▶ _BRIEF_: Go through the listing beneath and show each line containing the string "segunda".

# # # # # # #

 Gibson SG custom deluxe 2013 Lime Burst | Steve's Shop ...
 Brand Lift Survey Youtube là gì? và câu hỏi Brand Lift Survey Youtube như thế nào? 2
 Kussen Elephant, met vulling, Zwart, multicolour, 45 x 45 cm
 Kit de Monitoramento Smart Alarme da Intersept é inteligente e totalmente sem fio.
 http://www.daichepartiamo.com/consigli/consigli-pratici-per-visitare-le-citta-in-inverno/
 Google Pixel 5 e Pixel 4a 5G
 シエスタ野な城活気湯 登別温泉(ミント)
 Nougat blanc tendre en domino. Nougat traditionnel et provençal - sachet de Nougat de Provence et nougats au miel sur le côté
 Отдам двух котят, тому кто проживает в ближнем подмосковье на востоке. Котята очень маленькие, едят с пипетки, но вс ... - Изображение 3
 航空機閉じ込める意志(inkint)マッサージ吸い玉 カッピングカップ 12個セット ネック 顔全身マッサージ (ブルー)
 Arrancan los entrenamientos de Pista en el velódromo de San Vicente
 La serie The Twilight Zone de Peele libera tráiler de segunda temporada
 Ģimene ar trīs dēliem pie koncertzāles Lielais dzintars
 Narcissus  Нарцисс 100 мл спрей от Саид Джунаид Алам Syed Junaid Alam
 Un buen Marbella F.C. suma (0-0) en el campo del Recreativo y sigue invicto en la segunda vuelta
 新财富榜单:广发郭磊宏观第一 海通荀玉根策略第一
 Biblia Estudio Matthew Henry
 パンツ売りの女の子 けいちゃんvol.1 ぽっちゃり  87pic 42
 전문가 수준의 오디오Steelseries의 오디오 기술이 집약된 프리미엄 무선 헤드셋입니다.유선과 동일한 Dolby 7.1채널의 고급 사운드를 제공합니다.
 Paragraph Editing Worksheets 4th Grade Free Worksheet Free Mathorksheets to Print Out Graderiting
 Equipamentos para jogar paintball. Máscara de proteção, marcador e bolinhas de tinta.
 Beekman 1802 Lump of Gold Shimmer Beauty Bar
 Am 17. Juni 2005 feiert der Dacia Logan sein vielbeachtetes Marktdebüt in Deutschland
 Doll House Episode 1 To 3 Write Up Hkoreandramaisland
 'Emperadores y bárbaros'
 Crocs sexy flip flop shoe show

# # # # # # #

▶ _RESPONSE TO THIS TASK_:
 La serie The Twilight Zone de Peele libera tráiler de segunda temporada
 Un buen Marbella F.C. suma (0-0) en el campo del Recreativo y sigue invicto en la segunda vuelta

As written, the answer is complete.